++++ SUPPLIED MATERIAL
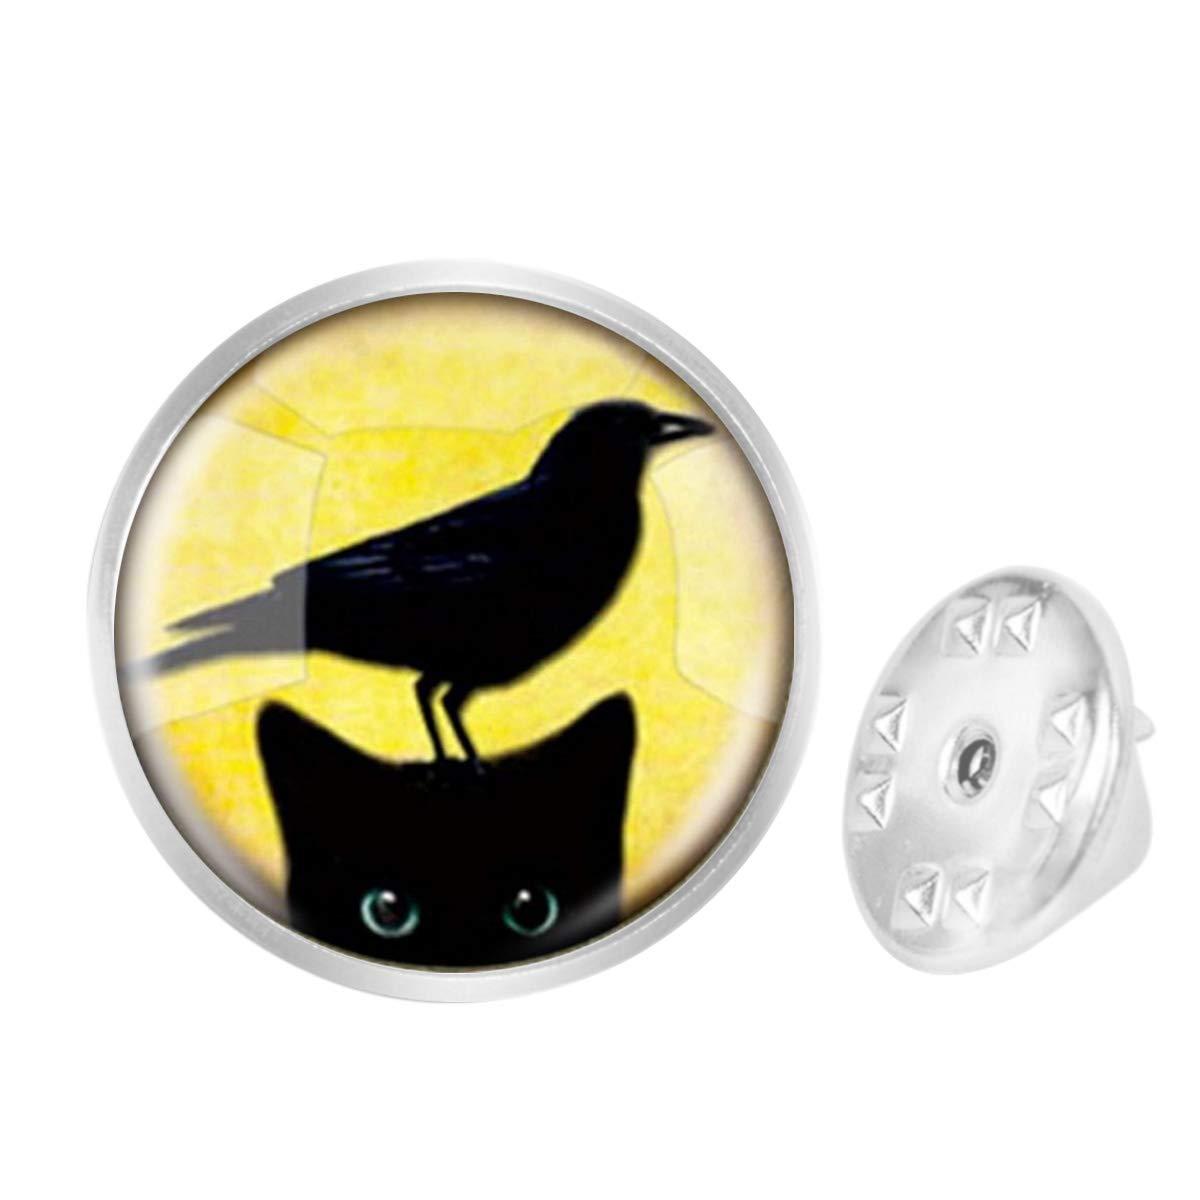 WAZZIT Round Metal Tie Tack Hat Lapel Pin Brooches Black Cat Bird Banquet Badge Enamel Pins Trendy Accessory Jacket T-Shirt
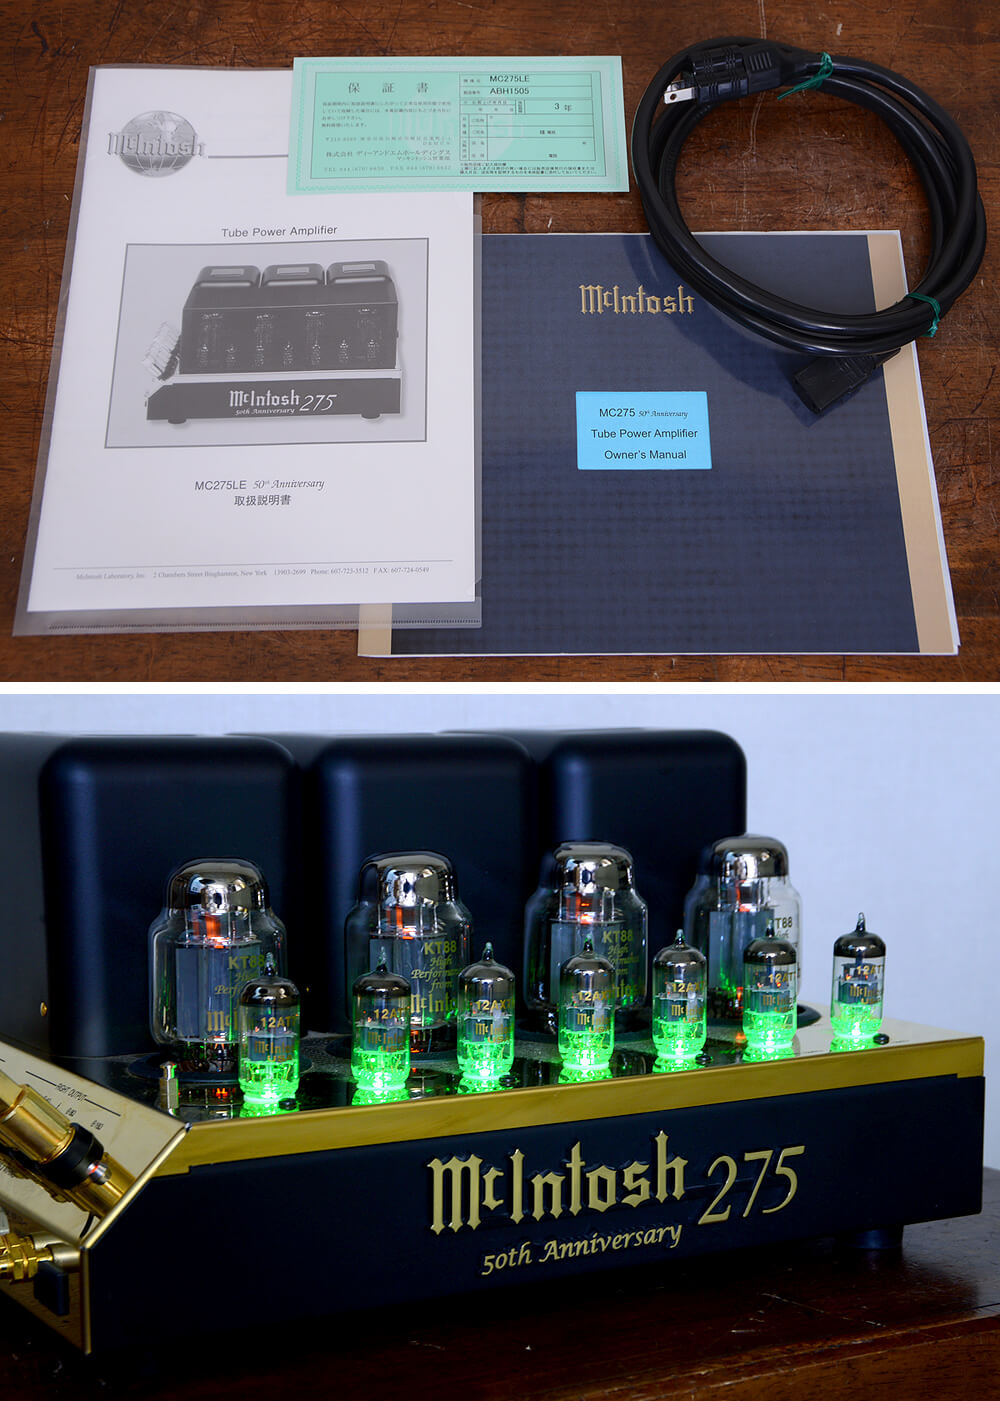 McIntosh MC275LE 真空管パワーアンプ 50周年記念限定モデル3枚目
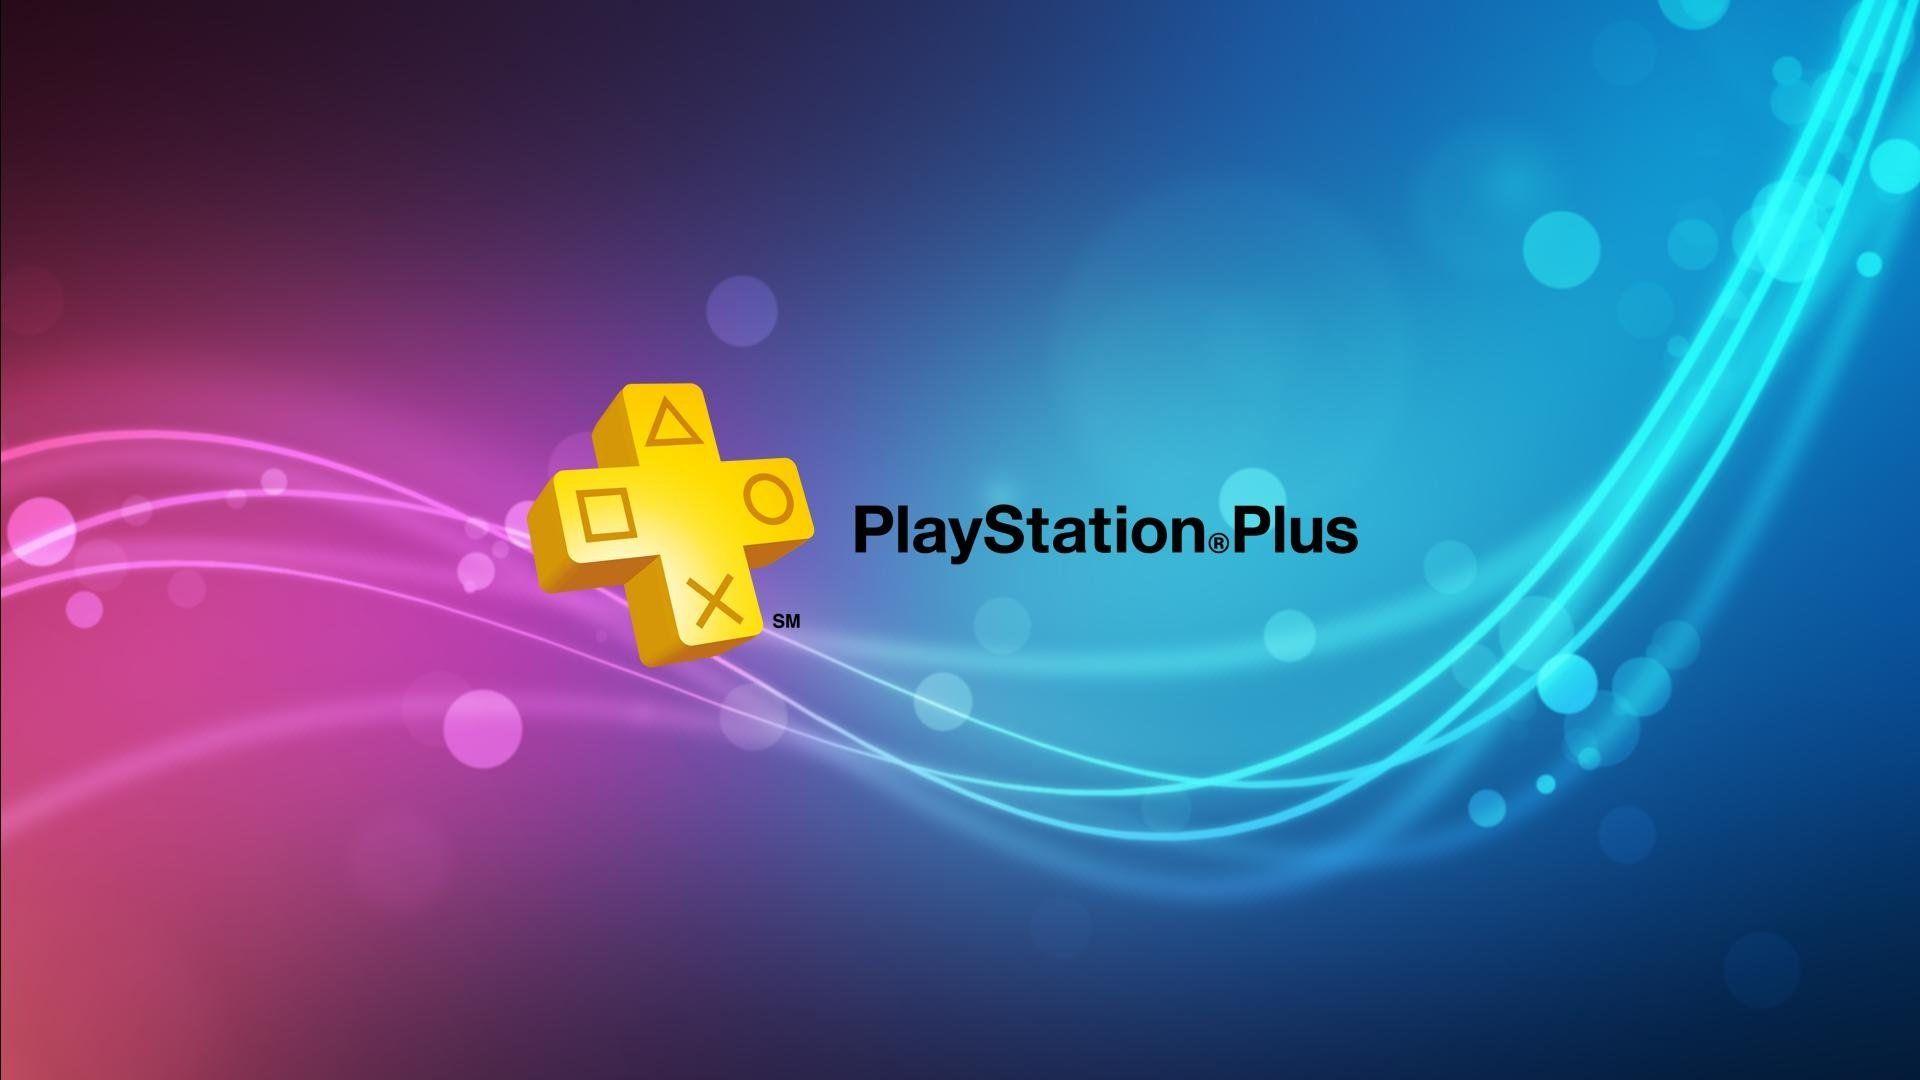 PlayStation Plus Logo Artwork
++++++++
**WHAT NEEDS TO BE DONE**
Without any pictures, transcribe the listing above exactly as written.

**ANSWER BELOW**
 WAZZIT Round Metal Tie Tack Hat Lapel Pin Brooches Black Cat Bird Banquet Badge Enamel Pins Trendy Accessory Jacket T-Shirt
 McIntosh MC275LE 真空管パワーアンプ 50周年記念限定モデル3枚目
 PlayStation Plus Logo Artwork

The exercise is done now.